About this exercise: Pictures are to be dropped from the copy. Retype the listing exactly.

Dataset excerpt:

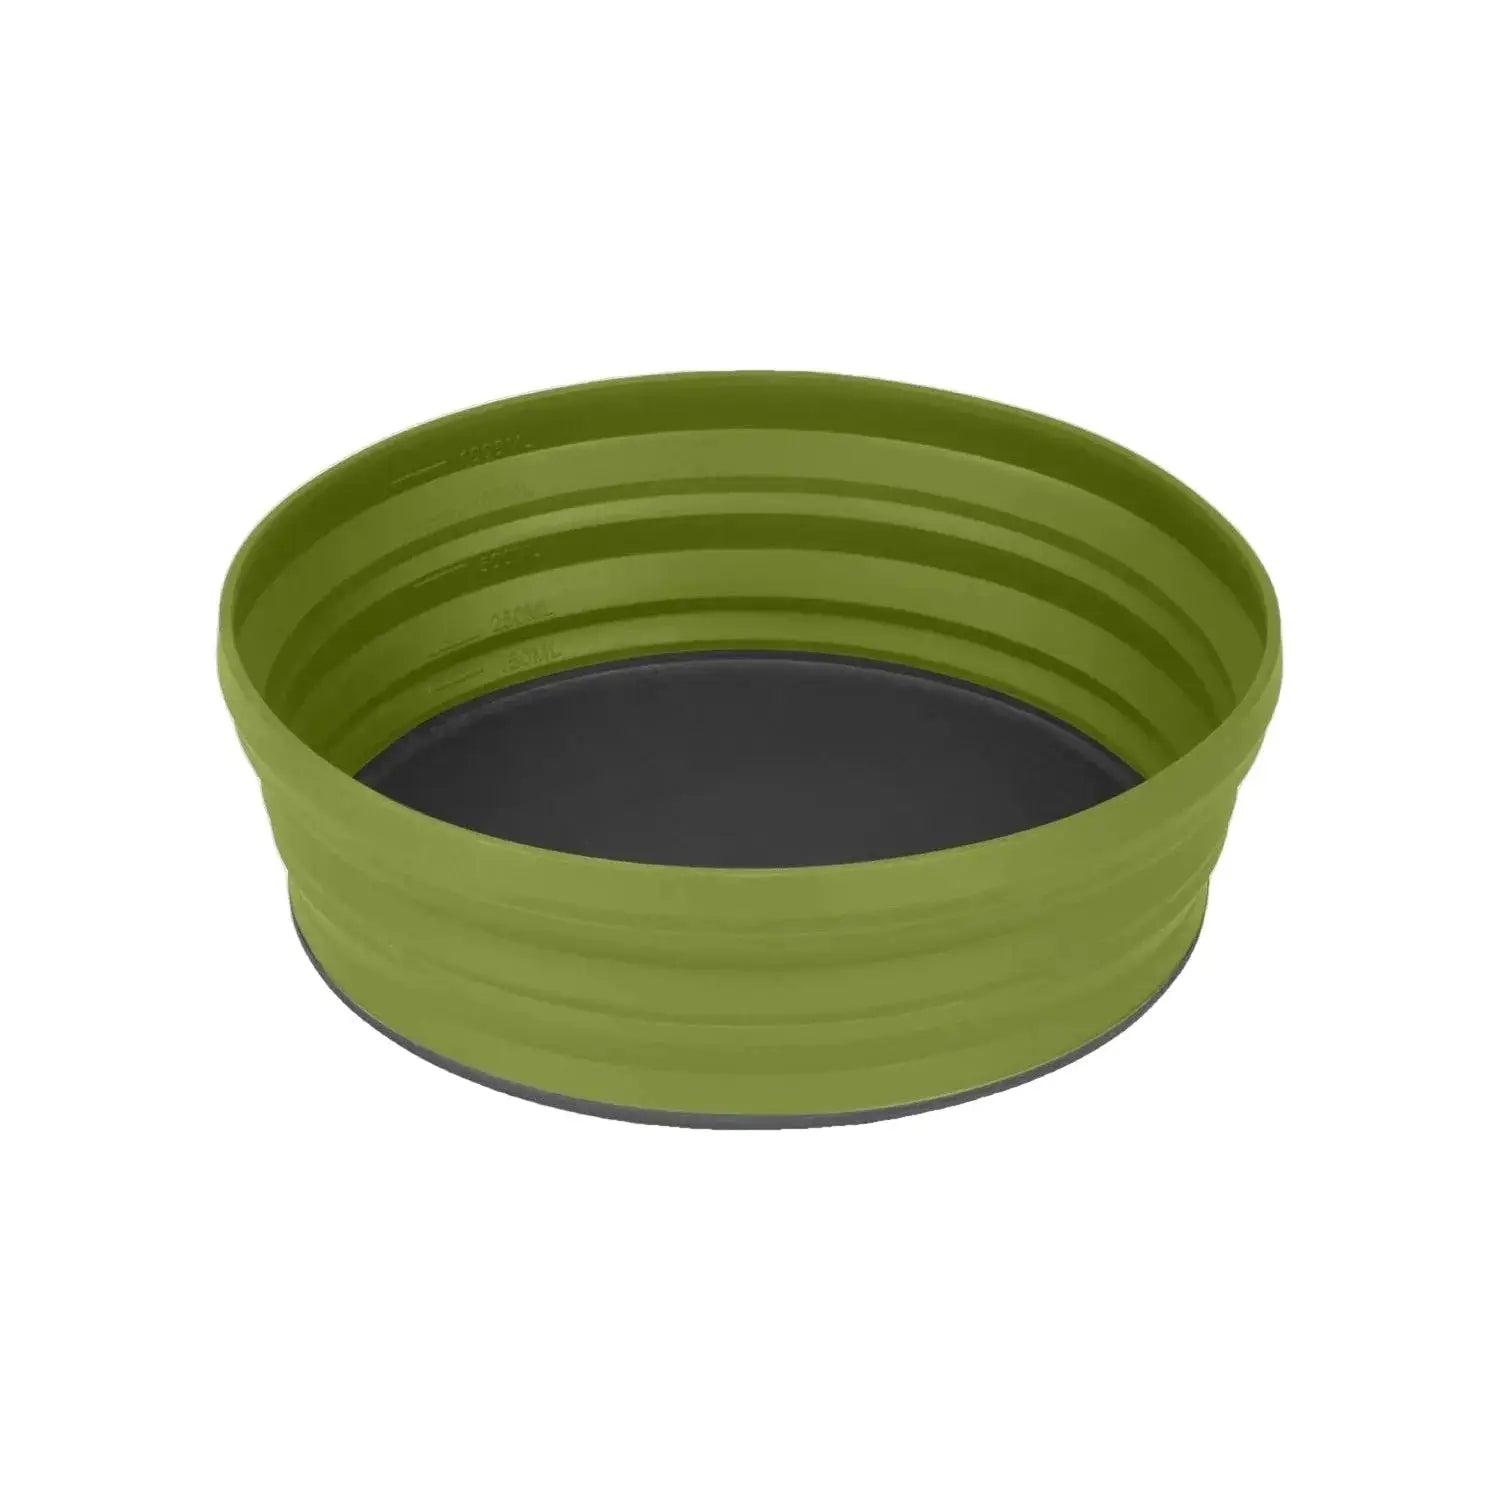 Sea to Summit XL-Bowl, Olive Green, front view 
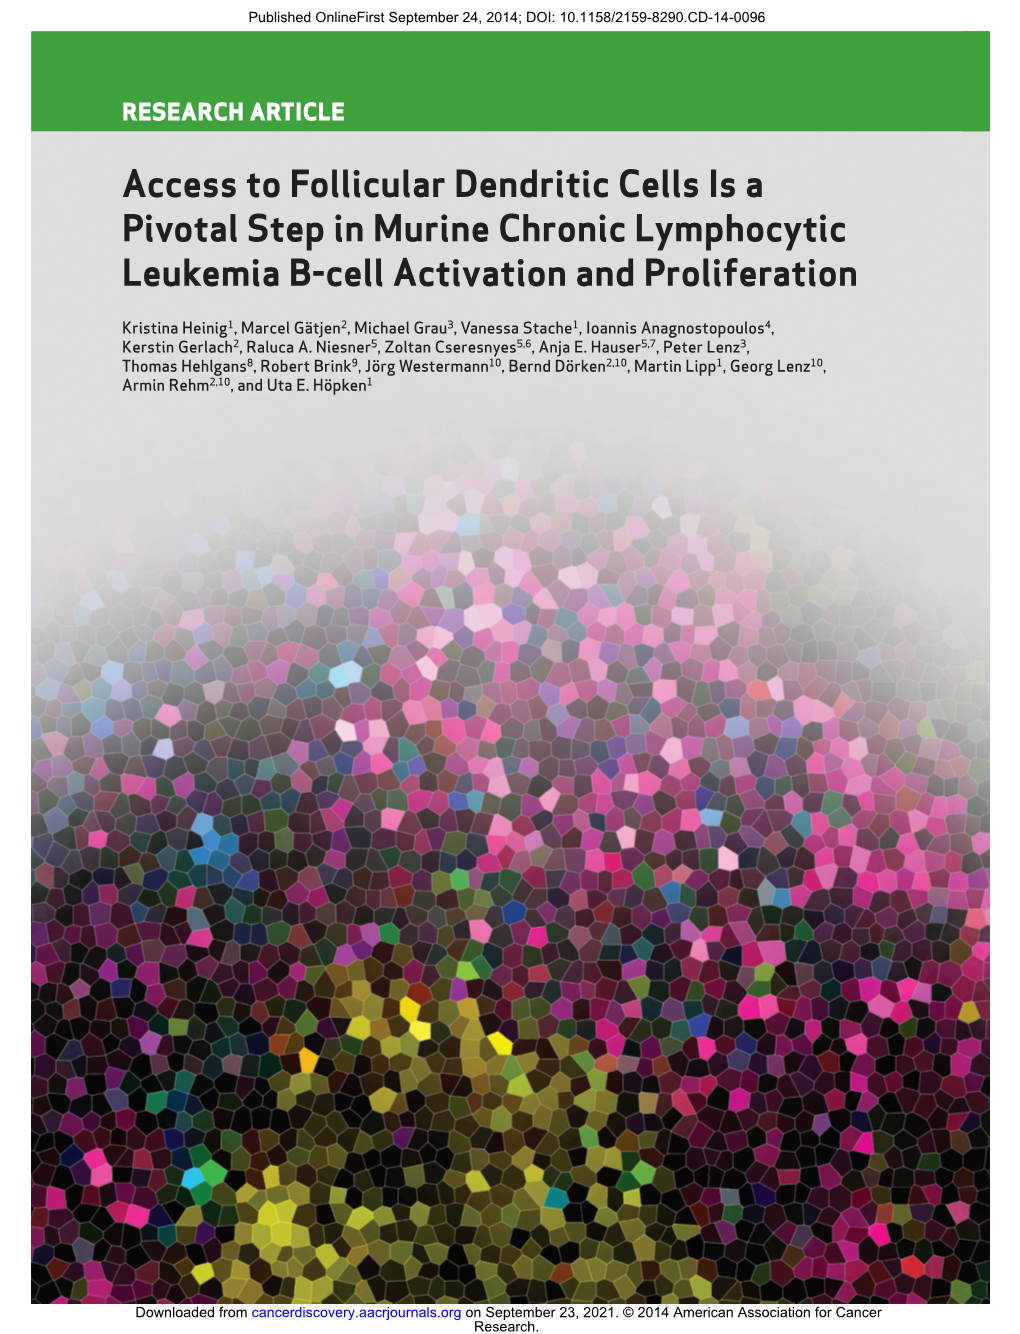 Access to Follicular Dendritic Cells Is a Pivotal Step in Murine Chronic Lymphocytic Leukemia B-Cell Activation and Proliferation
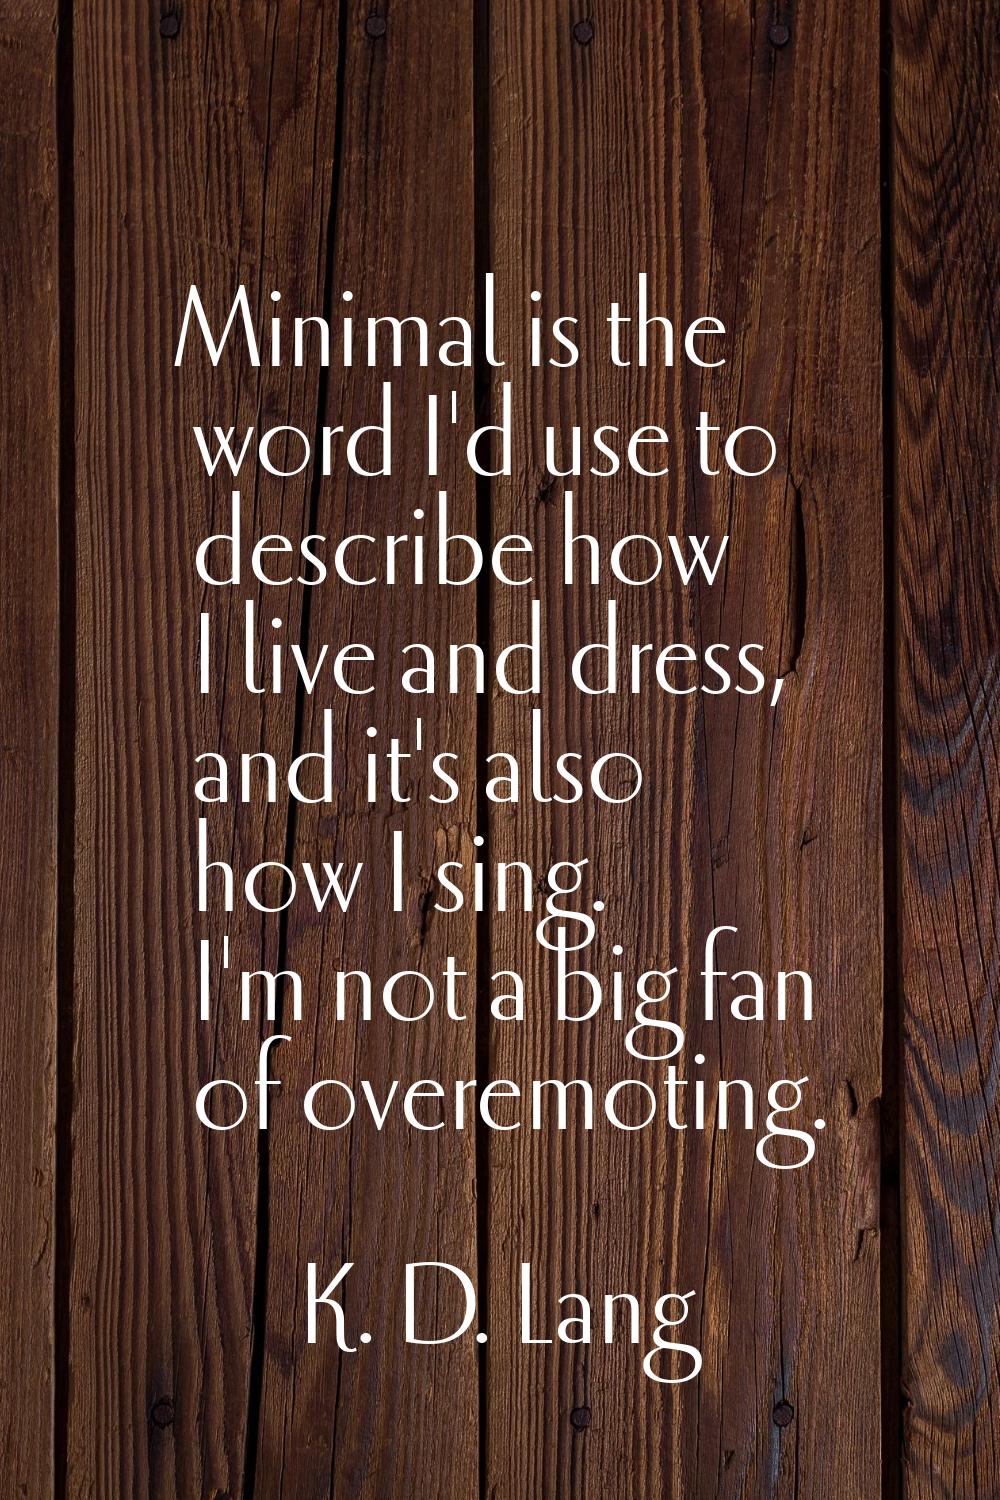 Minimal is the word I'd use to describe how I live and dress, and it's also how I sing. I'm not a b

Solution for this task:
 Sea to Summit XL-Bowl, Olive Green, front view 
 Access to Follicular Dendritic Cells Is a Pivotal Step in Murine Chronic Lymphocytic Leukemia B-Cell Activation and Proliferation
 Minimal is the word I'd use to describe how I live and dress, and it's also how I sing. I'm not a b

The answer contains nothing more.